§ MATERIAL SUPPLIED
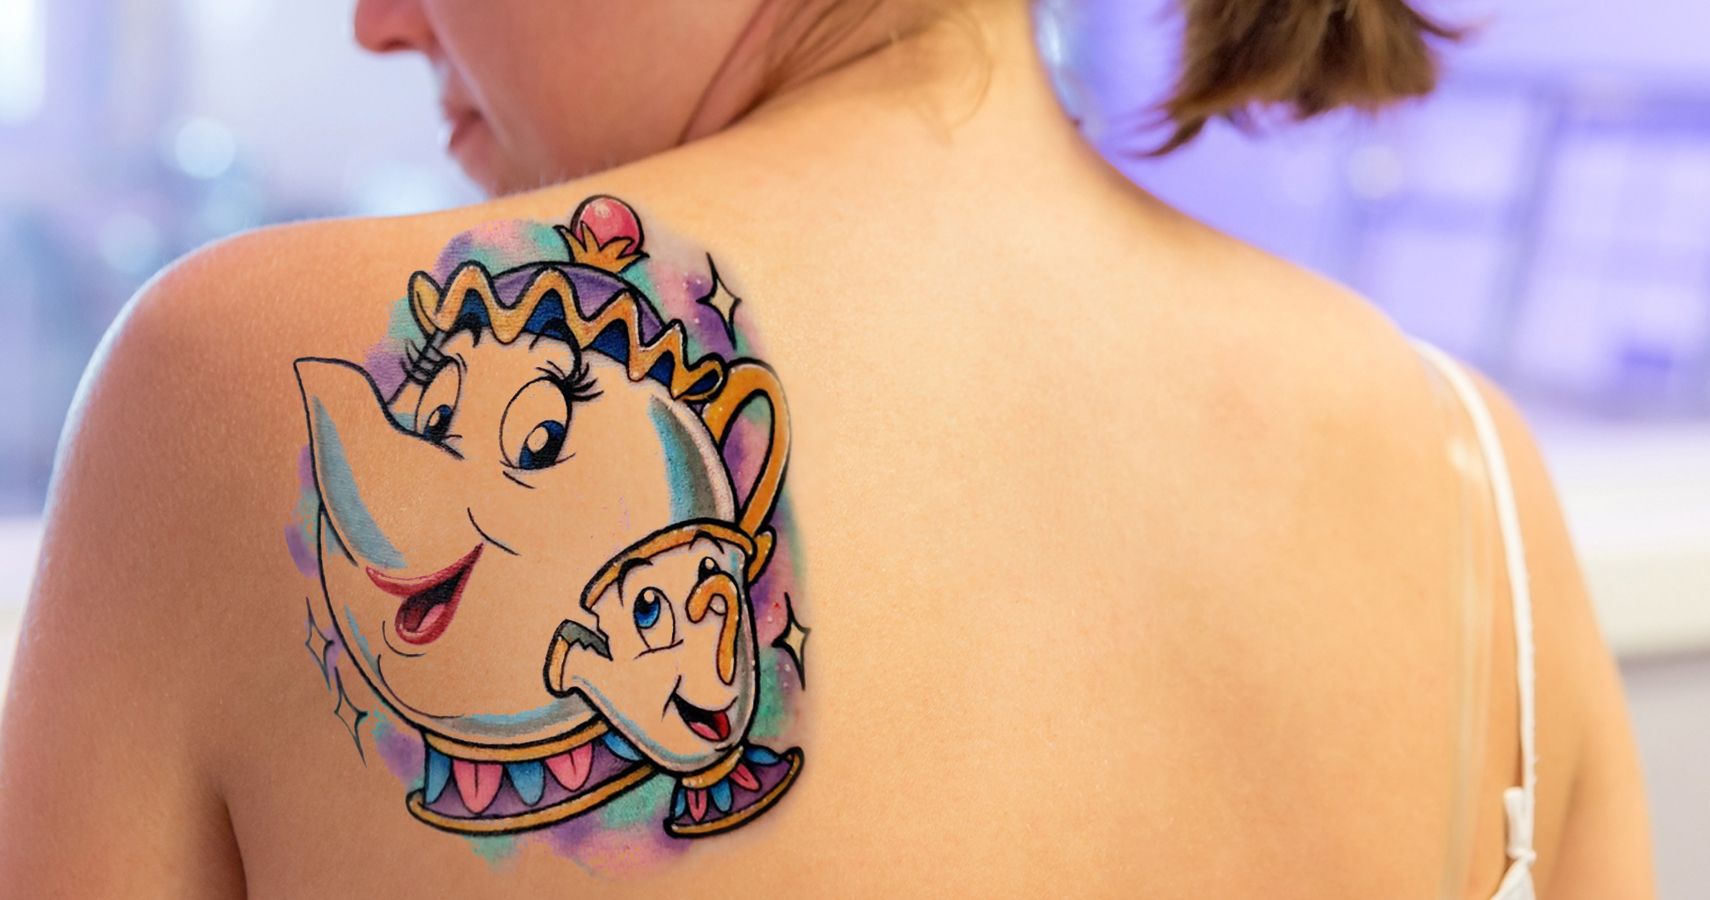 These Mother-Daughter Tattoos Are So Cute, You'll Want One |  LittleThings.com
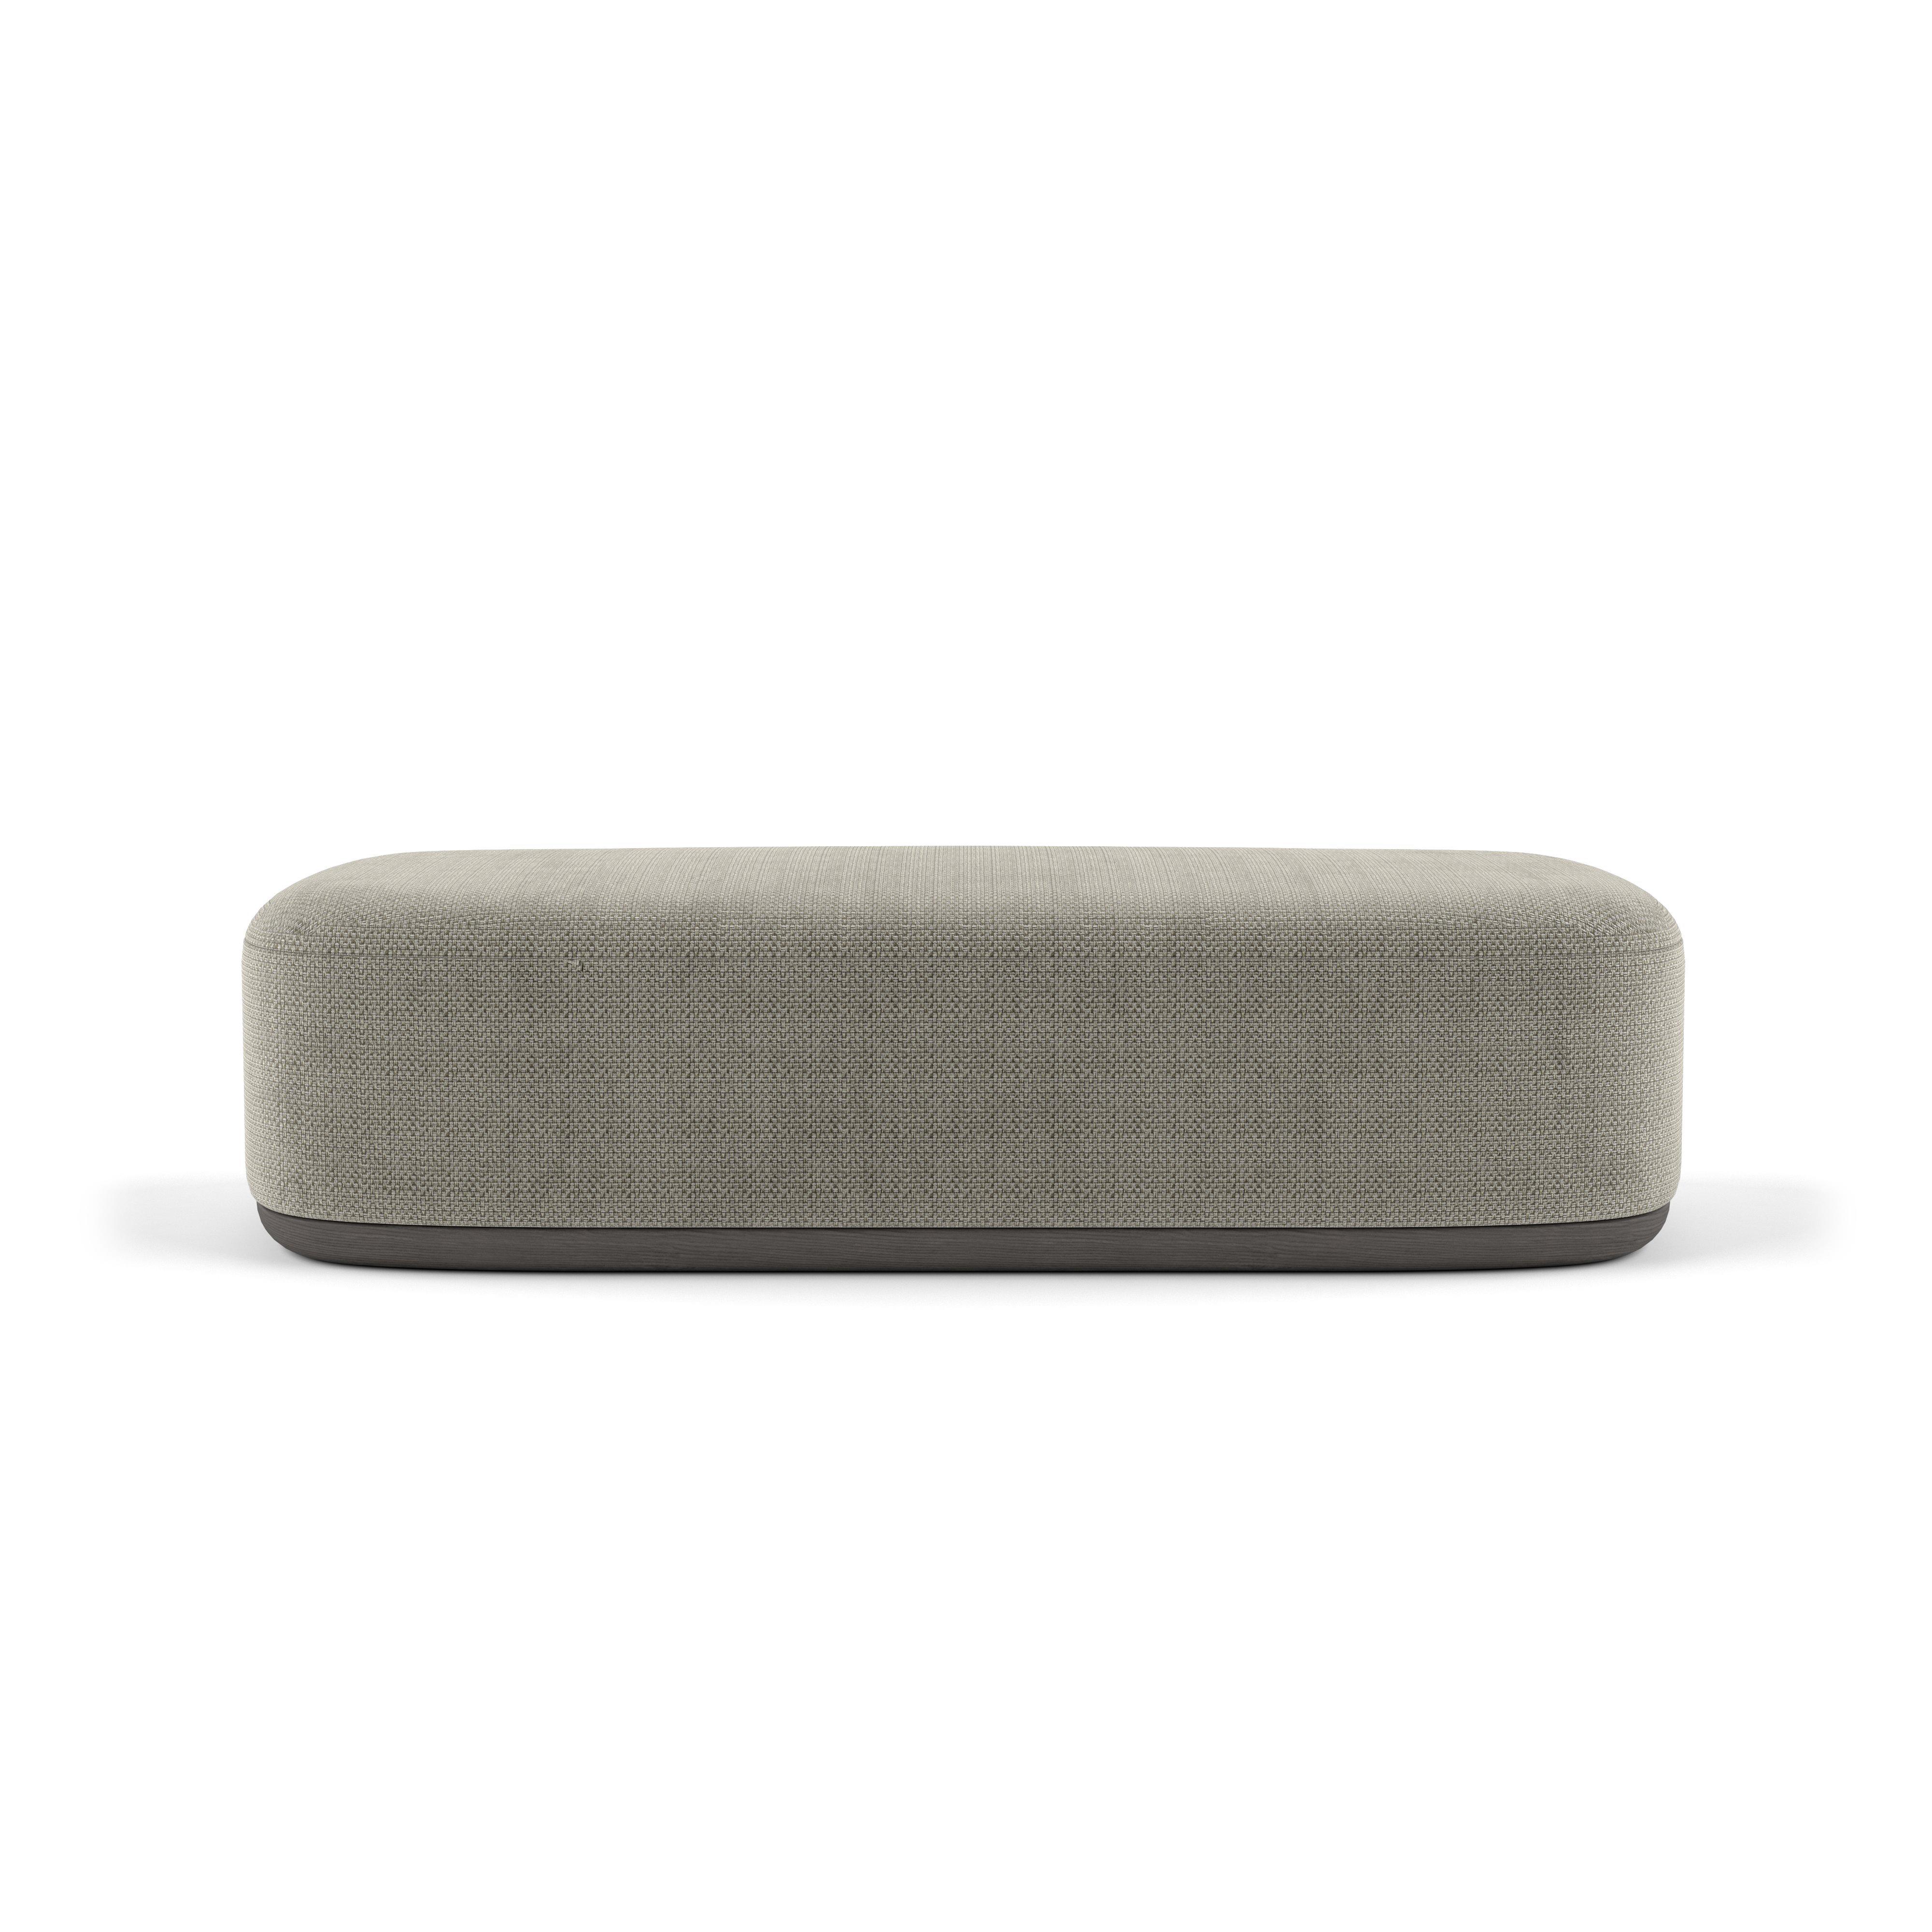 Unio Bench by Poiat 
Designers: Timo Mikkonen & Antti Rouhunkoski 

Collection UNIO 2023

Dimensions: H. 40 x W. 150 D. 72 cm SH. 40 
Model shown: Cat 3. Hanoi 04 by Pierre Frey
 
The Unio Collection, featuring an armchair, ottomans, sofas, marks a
--
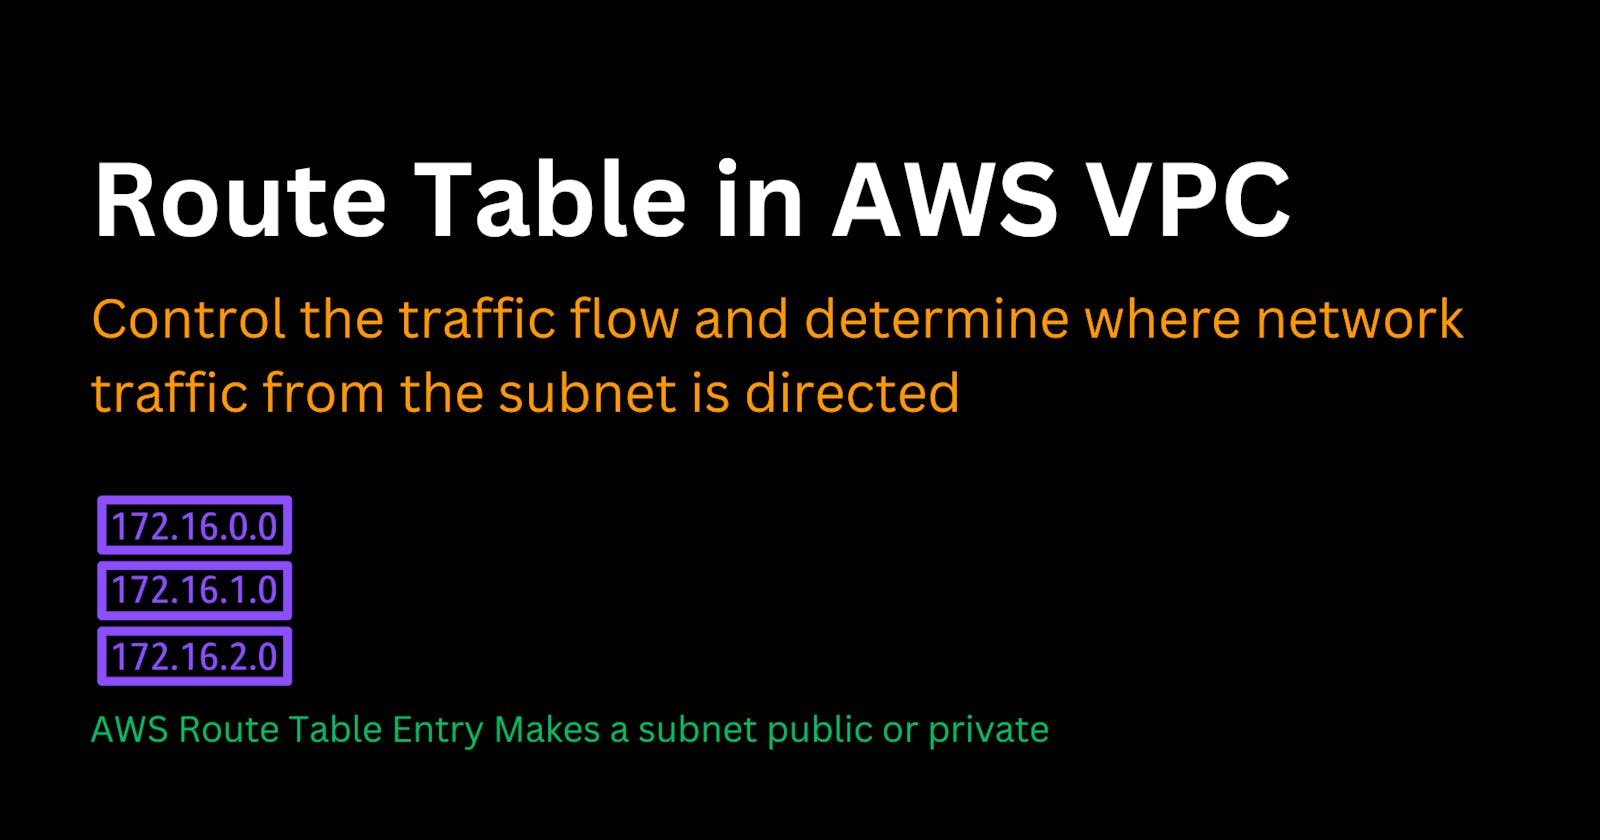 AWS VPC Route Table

§ TASK ITEM
Report how many lines in the material contain the word "Collection", writing the number and nothing more.

§ WRITTEN ANSWER
2